Here’s what Charles Bancroft, Bristol-Myers’ chief financial officer, told the news service:

“We have to take bets sometimes,” Bancroft said. “A really good company shows they can be adaptable and flexible to the environment they find themselves in at any given time.”

Teva Pharmaceuticals also spoke of looking to deals as a growth strategy once more, after taking a sabbatical from being one of the most merger-focused pharmaceutical companies.

From Bloomberg’s account of comments by Eyal Desheh, Teva’s chief financial officer:

“We have to do the clever deals that Teva was so good at doing in the past,” Chief Financial Officer Eyal Desheh said yesterday at a JPMorgan Chase & Co. health-care conference in San Francisco. “The ones that you can buy one and one and get to two, I know it’s a cliché. But we’re very good at doing that. And I think that these are the kind of deals that we’ll be looking at in the future.”

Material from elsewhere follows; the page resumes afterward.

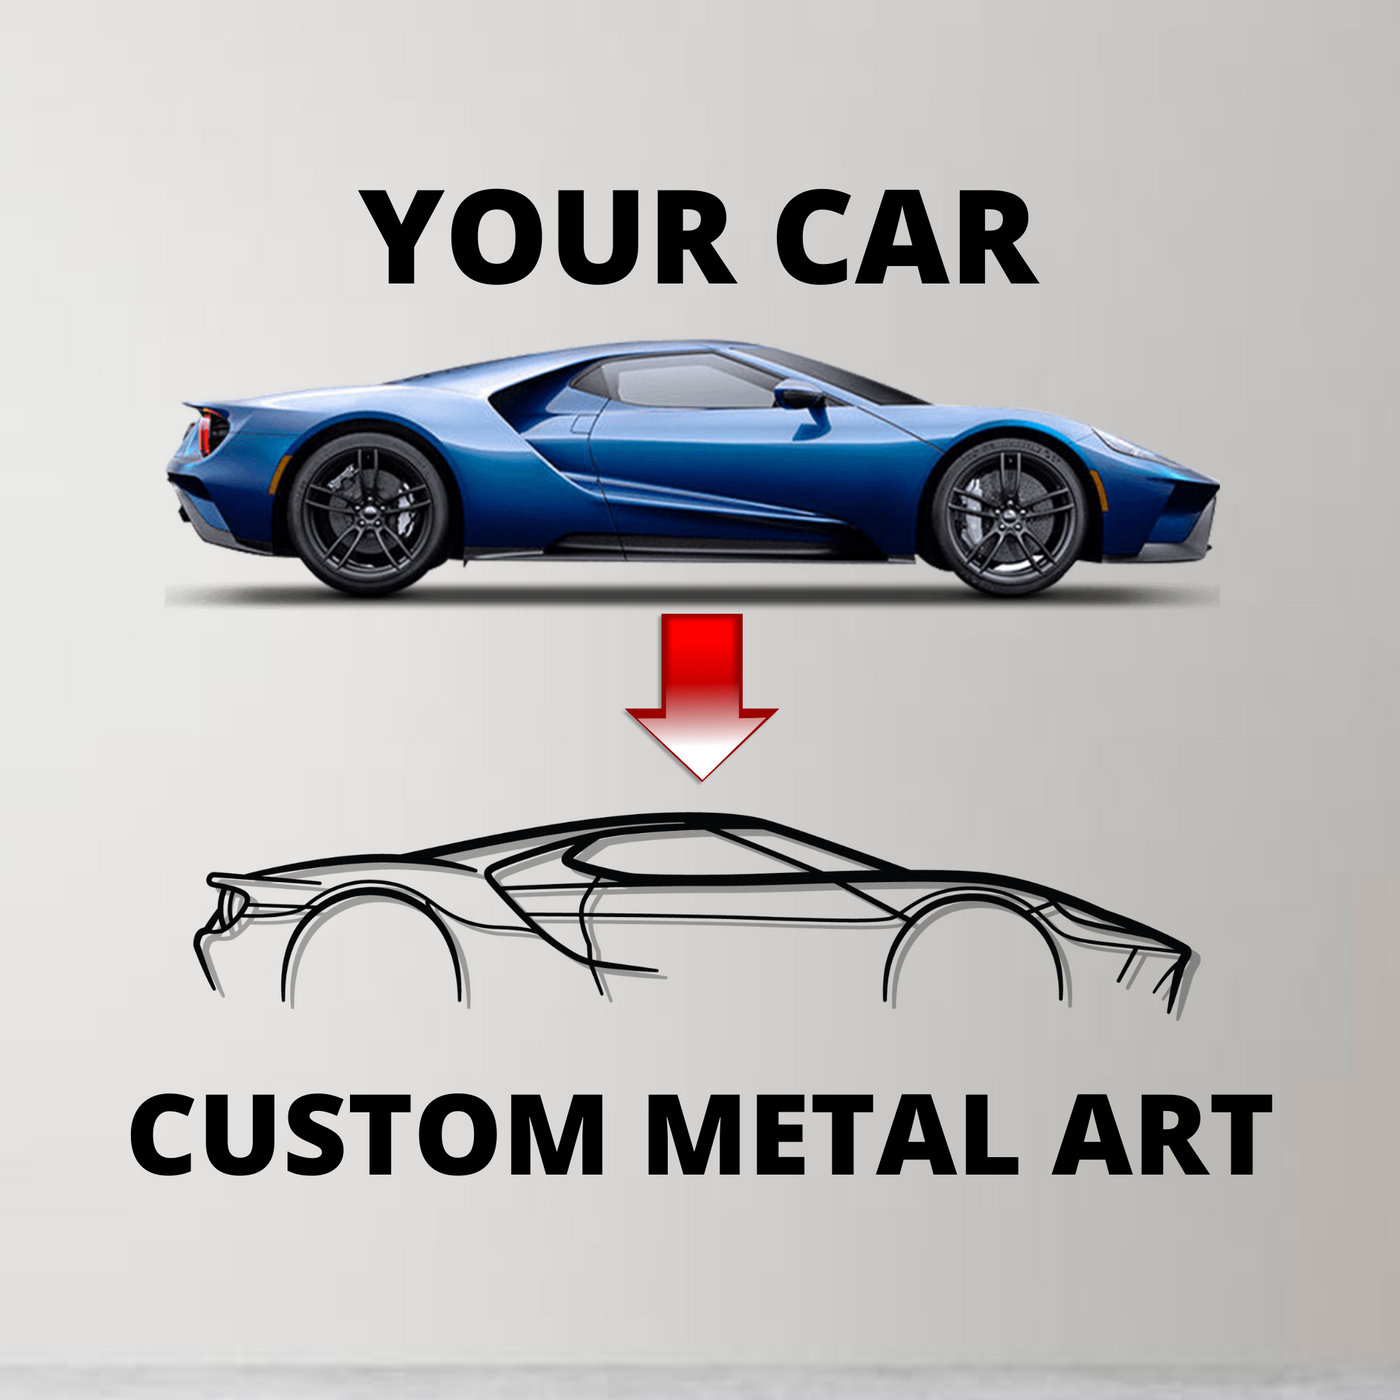 RS5 Coupe 2022 Detailed Silhouette Metal Wall Art
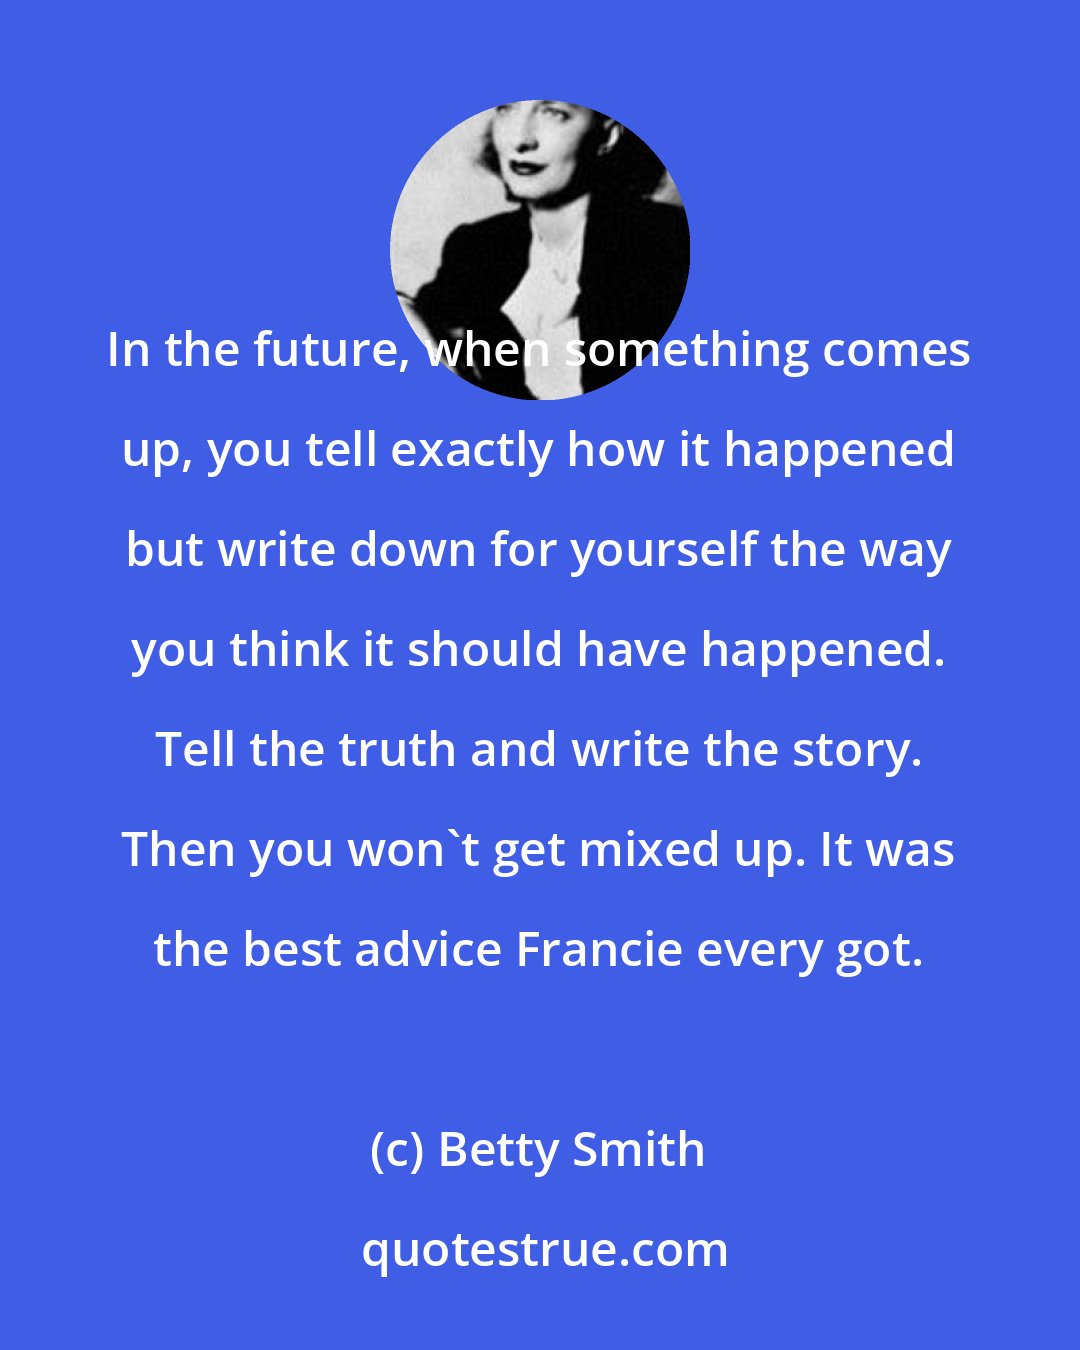 Betty Smith: In the future, when something comes up, you tell exactly how it happened but write down for yourself the way you think it should have happened. Tell the truth and write the story. Then you won't get mixed up. It was the best advice Francie every got.

And Covidien, the medical device maker that was spun off from Tyco, said that it plans to use its free cash flow for strategic acquisitions, according to a transcription of comments by Joe Almeida, the company’s chairman and chief executive.

More from Mr. Almeida’s presentation:

Covidien has the preference of spending money and acquisitions that will deliver strategically and financially to our shareholders. And it is important to understand that the acquisition world is very opportunistic and any time the Covidien has cash sitting in its balance sheet will not sit there for long.